In the entries that follow, find the line containing "Kryptonite Evolution Series" and the line containing "Возьмите Nikon AF-S", then retype exactly the lines from the first through the second, pictures excluded.

BEGIN Data for analysis

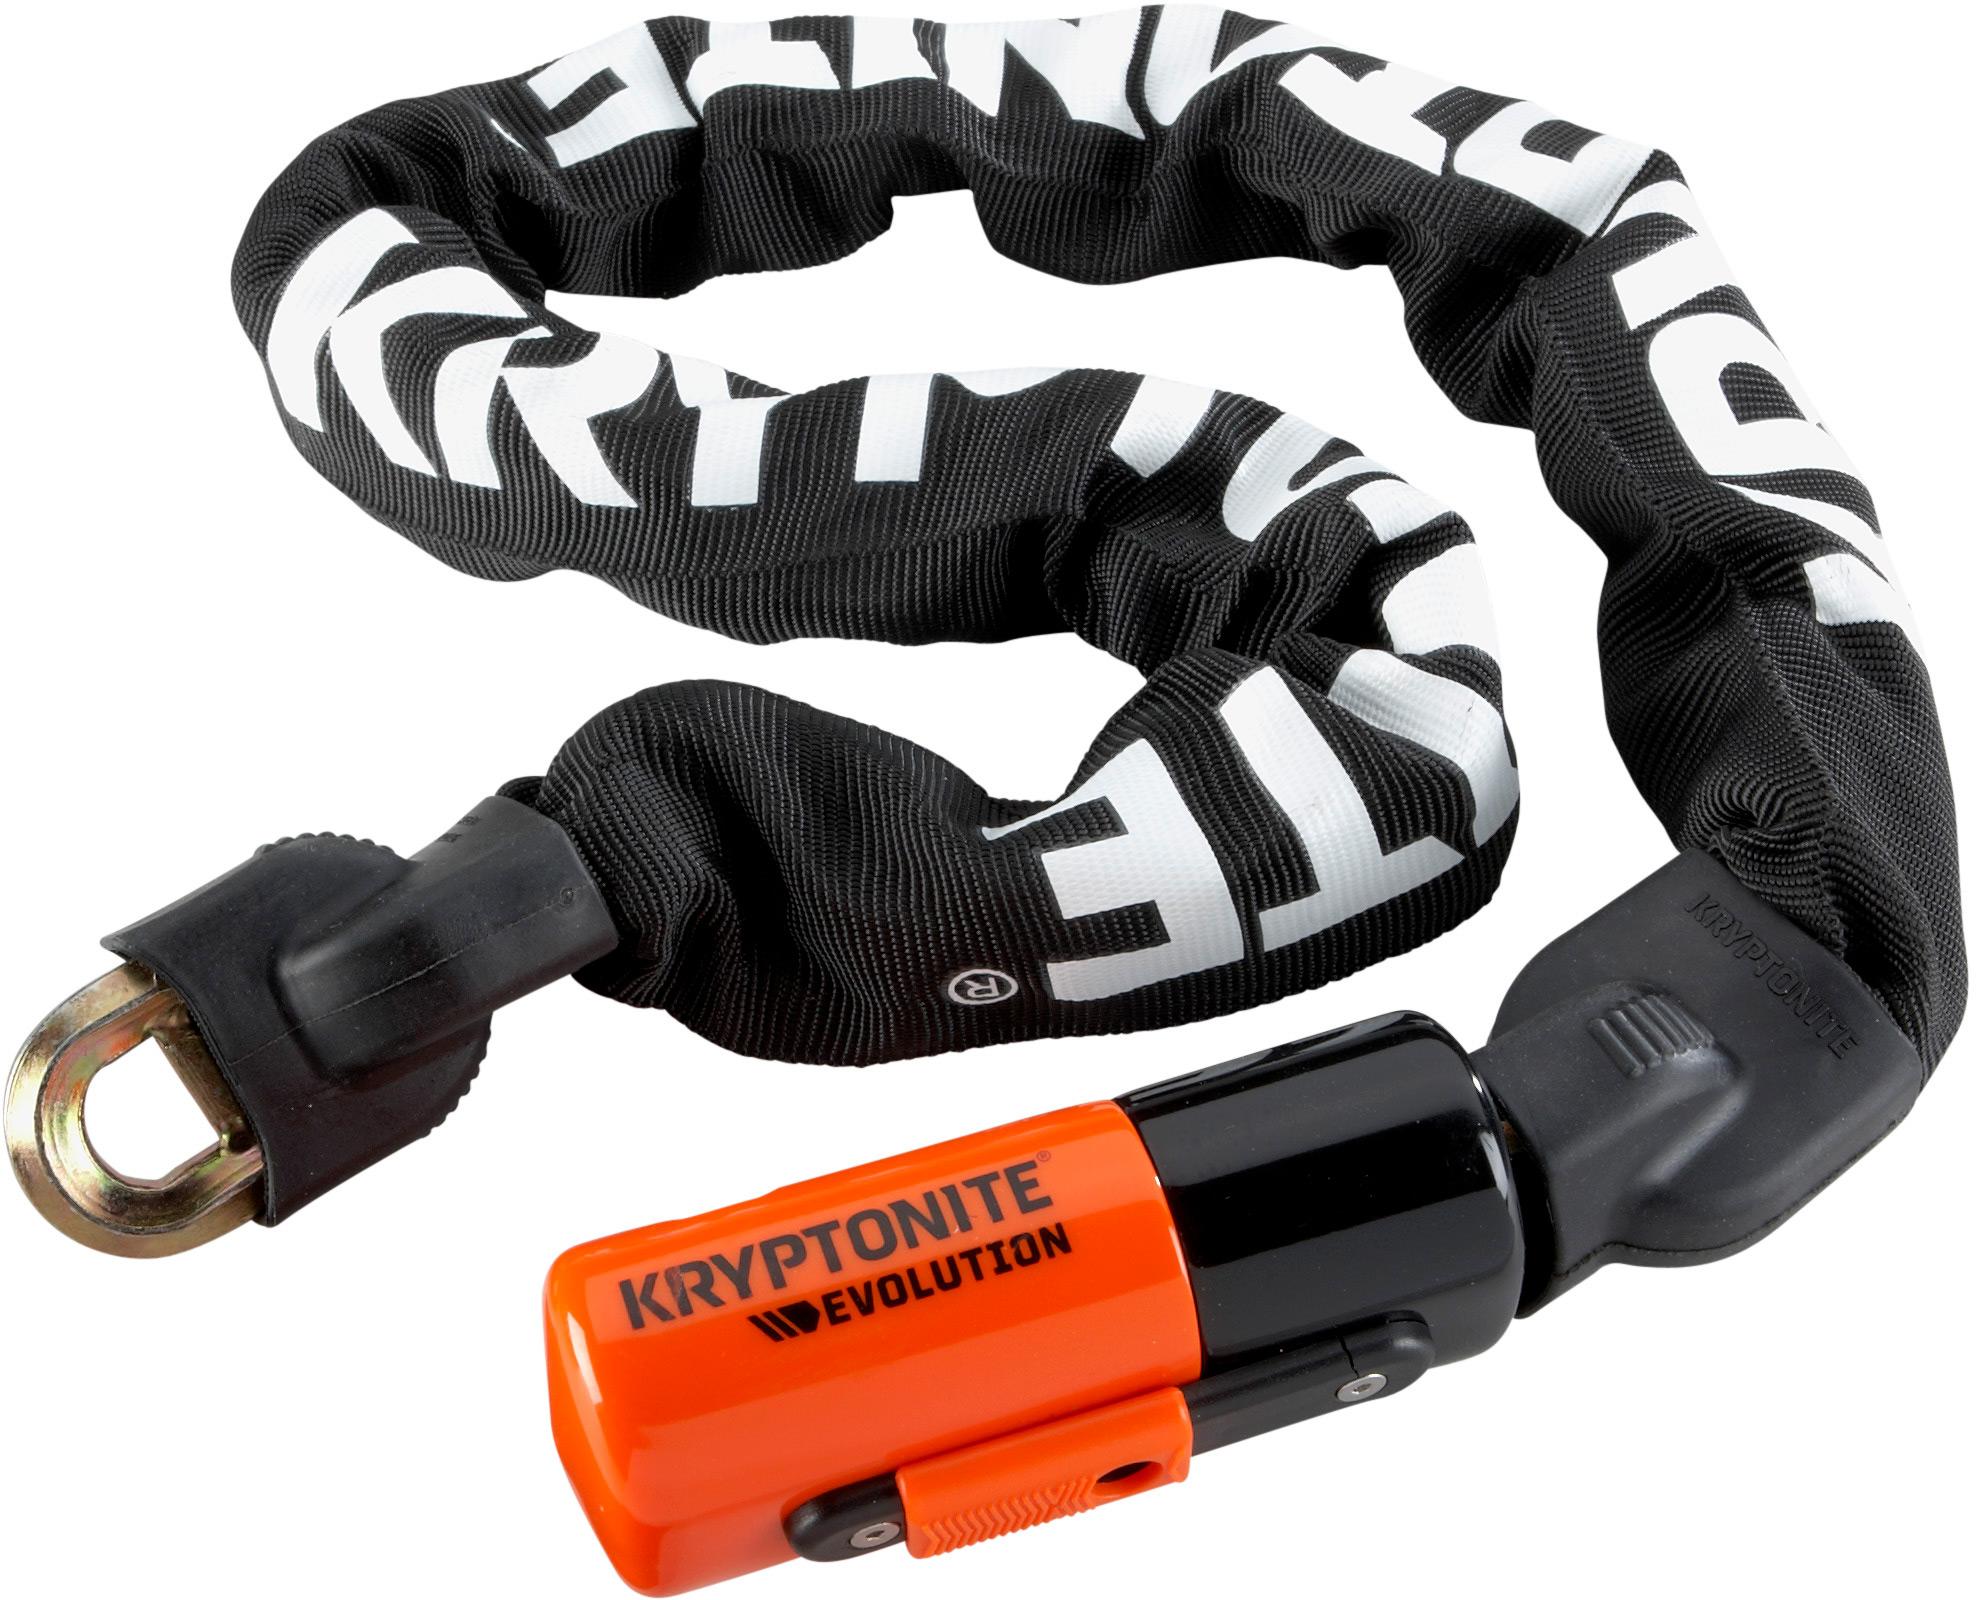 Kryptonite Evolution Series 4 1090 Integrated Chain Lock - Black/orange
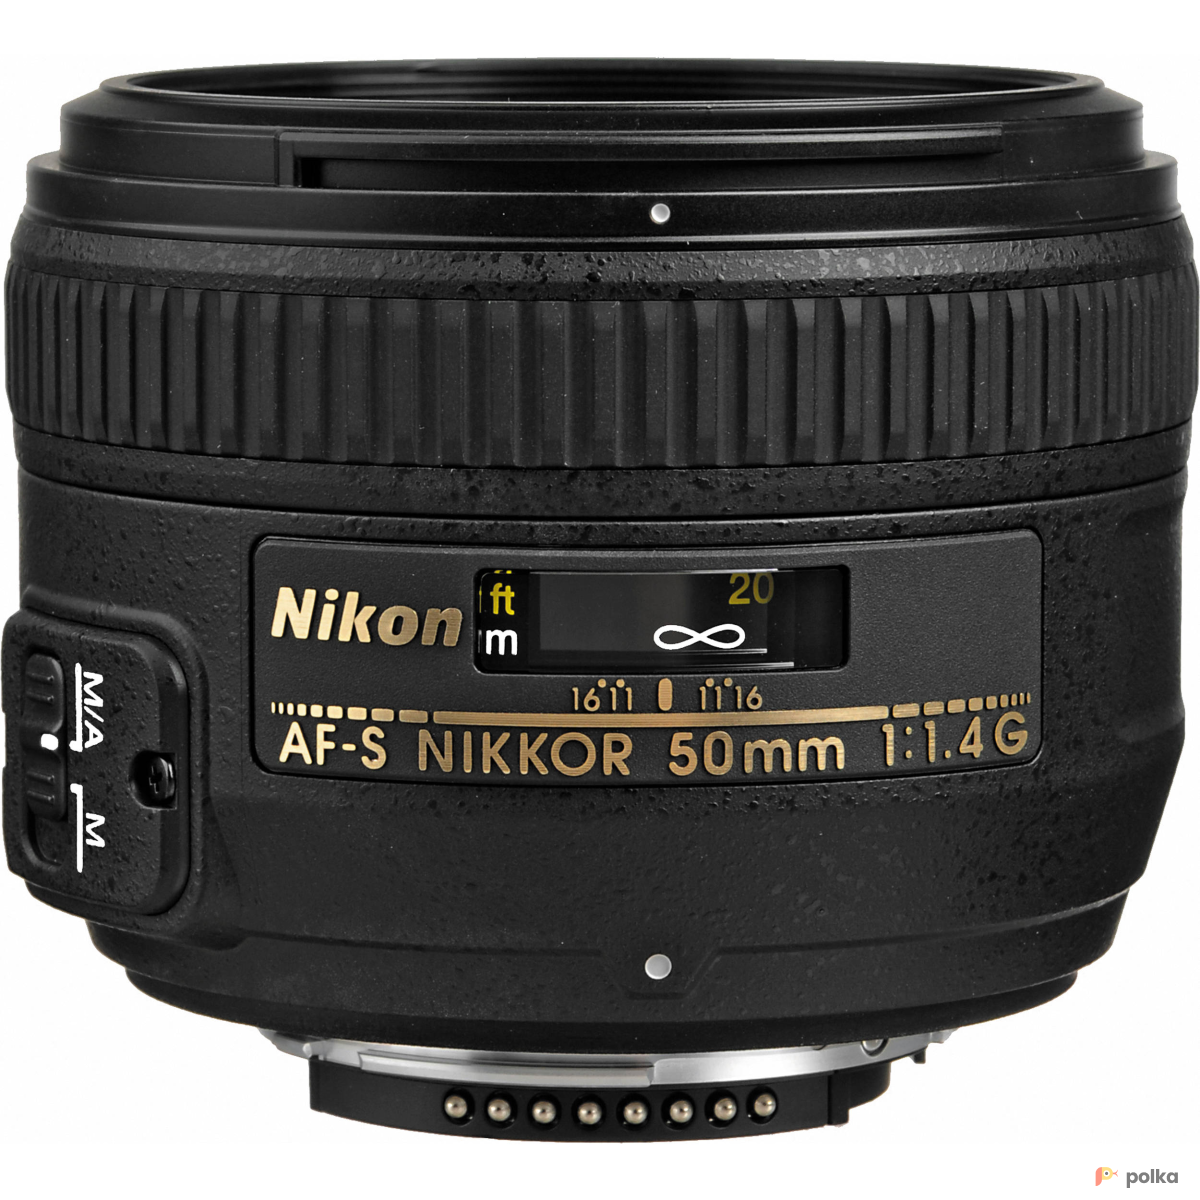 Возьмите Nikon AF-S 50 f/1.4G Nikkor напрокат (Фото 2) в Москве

END Data for analysis
BEGIN Data for analysis

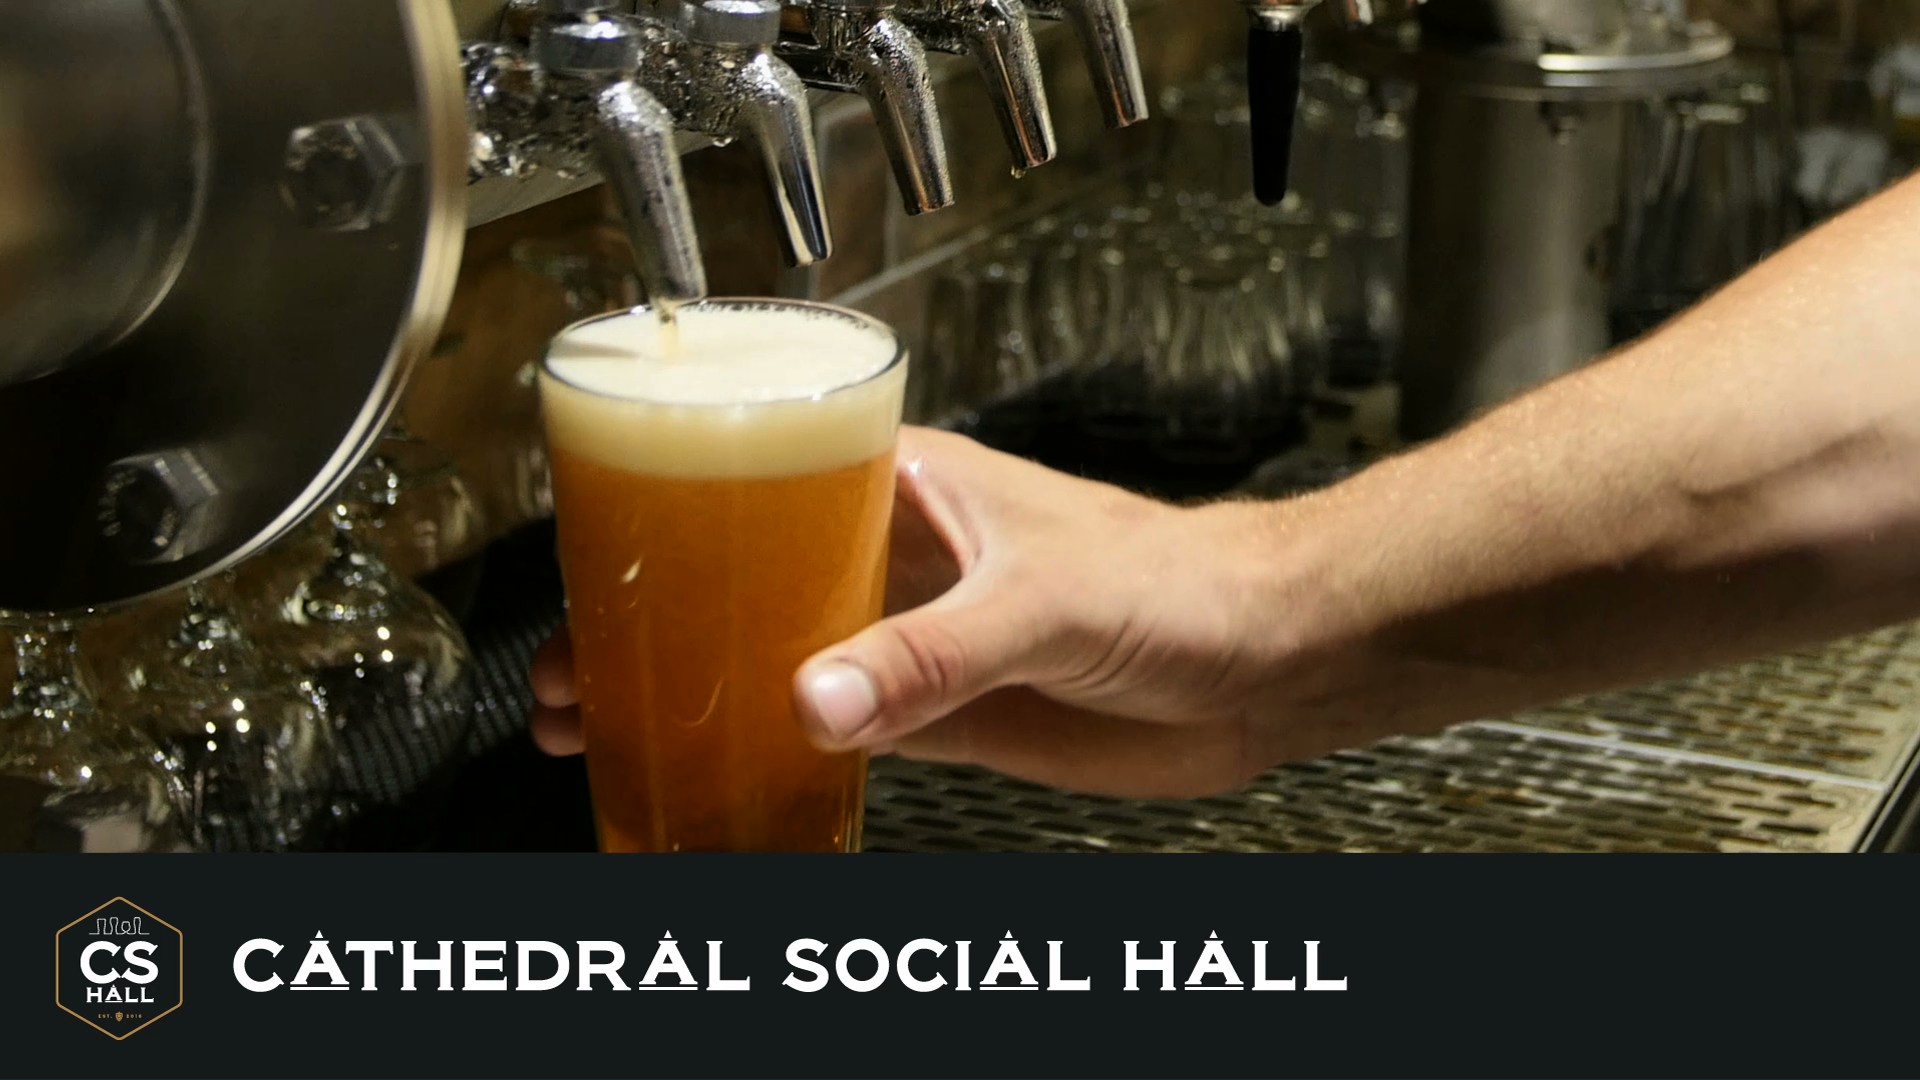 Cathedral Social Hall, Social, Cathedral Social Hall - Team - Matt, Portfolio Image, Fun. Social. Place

END Data for analysis

(Task result)
 Kryptonite Evolution Series 4 1090 Integrated Chain Lock - Black/orange
 Возьмите Nikon AF-S 50 f/1.4G Nikkor напрокат (Фото 2) в Москве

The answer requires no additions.